**TASK DESCRIPTION:**
I'd like the entire listing output verbatim, apart from the pictures.
===== SUPPLIED INFORMATION =====
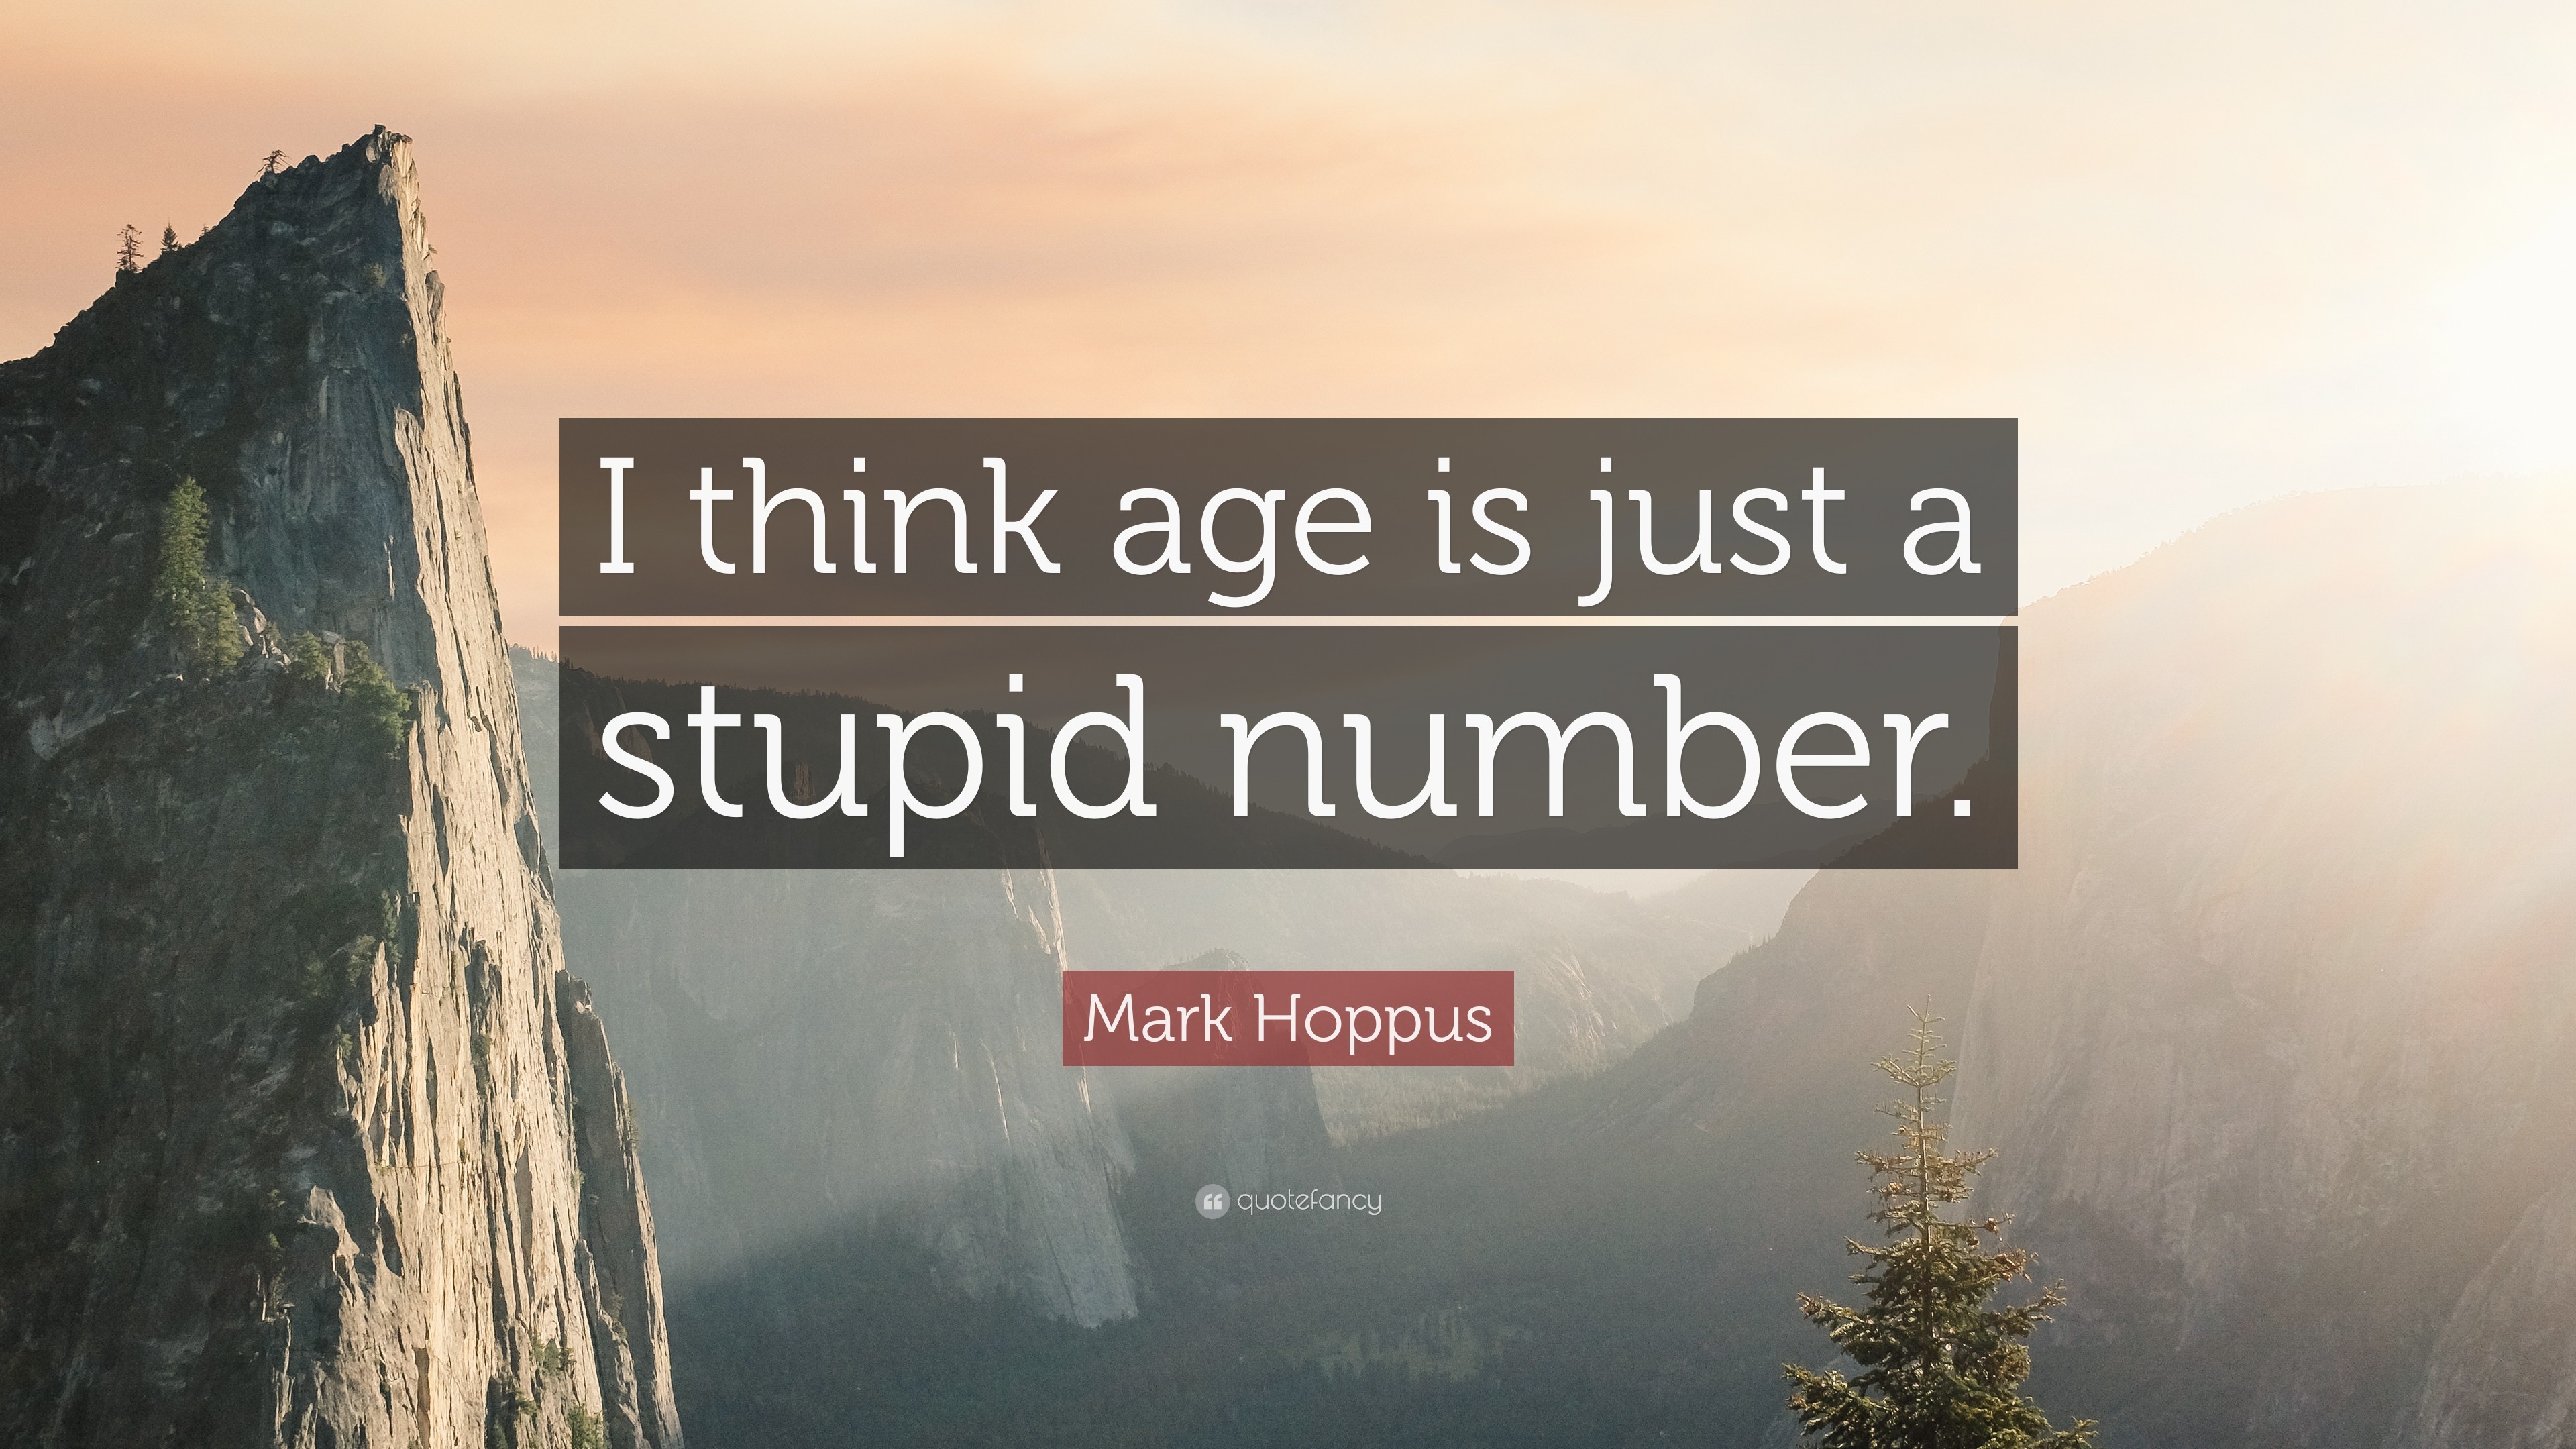 3840x2160 Mark Hoppus Quote: “I think age is just a stupid number.”
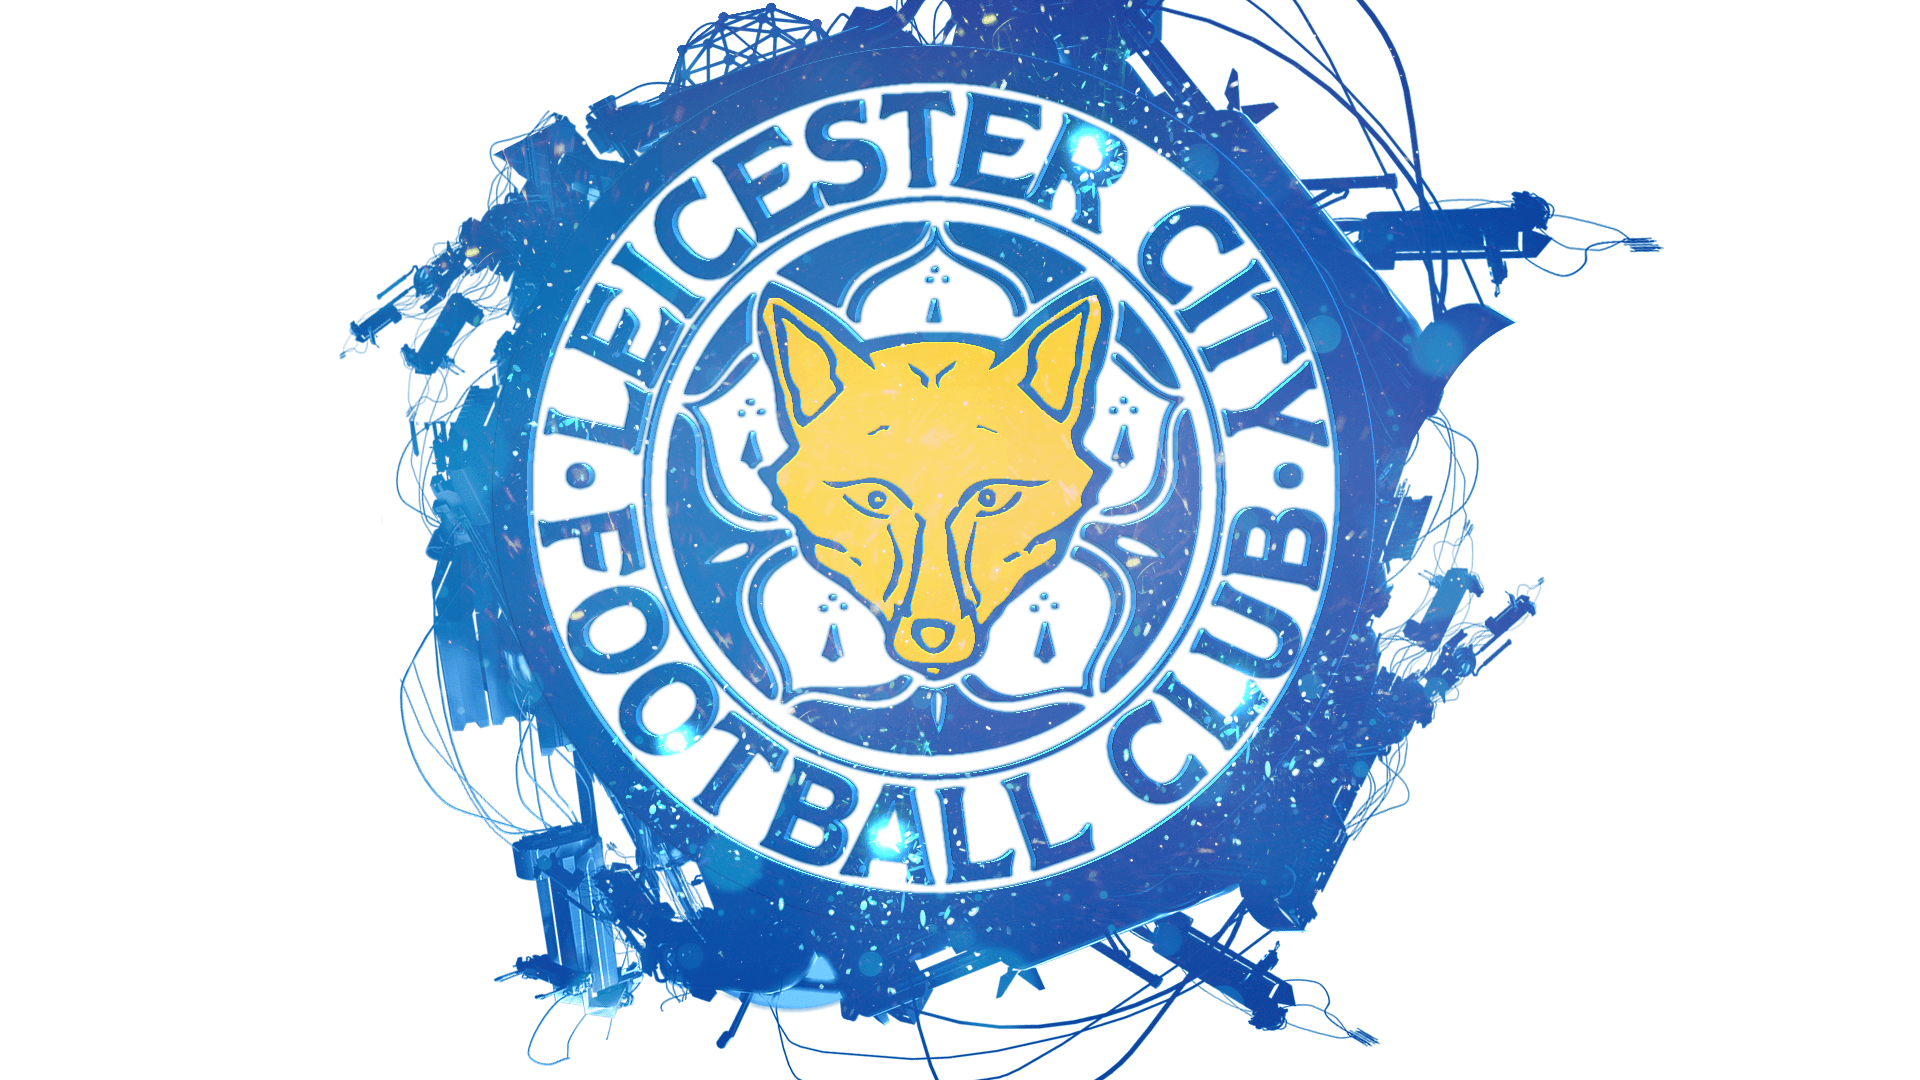 Leicester City Logo - Leicester City F.C. Wallpapers - Wallpaper Cave
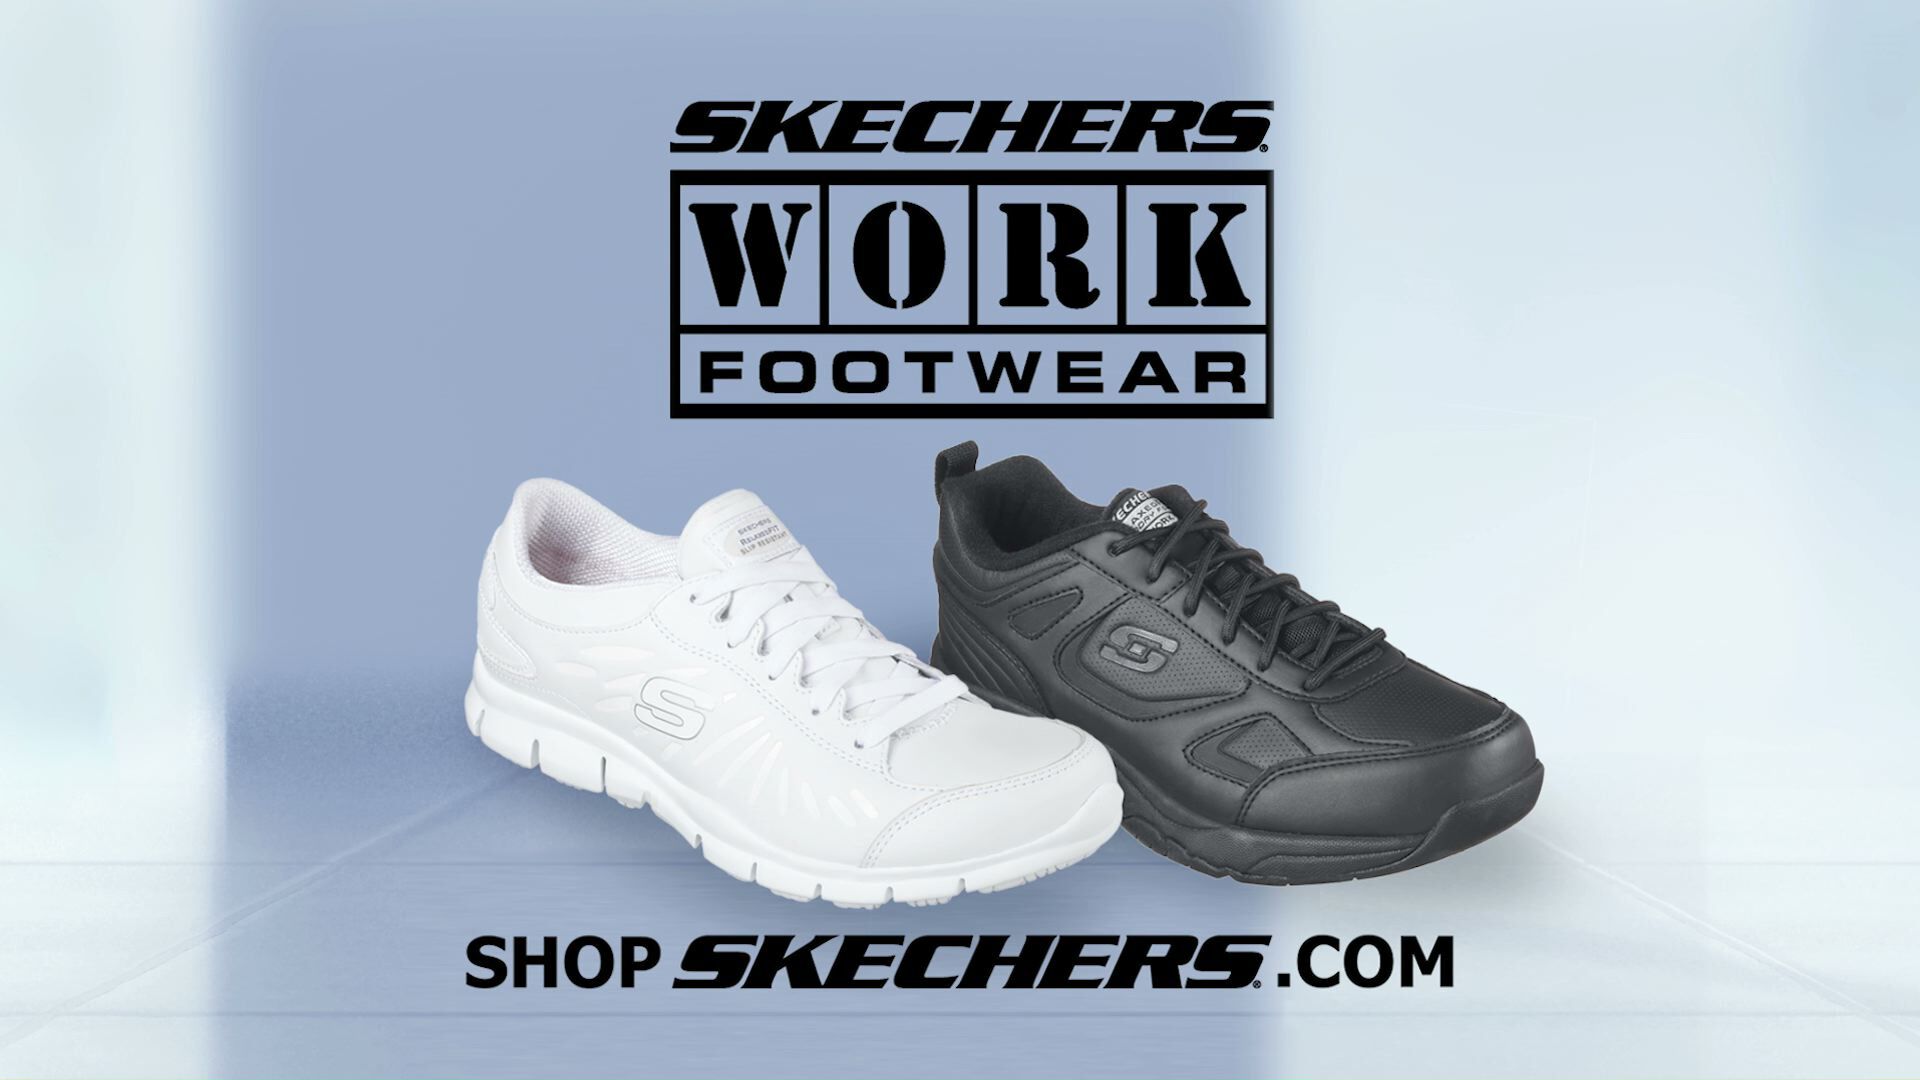 new womens skechers commercial
=====
**ANSWER TO THIS TASK:**
 3840x2160 Mark Hoppus Quote: “I think age is just a stupid number.”
 Leicester City Logo - Leicester City F.C. Wallpapers - Wallpaper Cave
 new womens skechers commercial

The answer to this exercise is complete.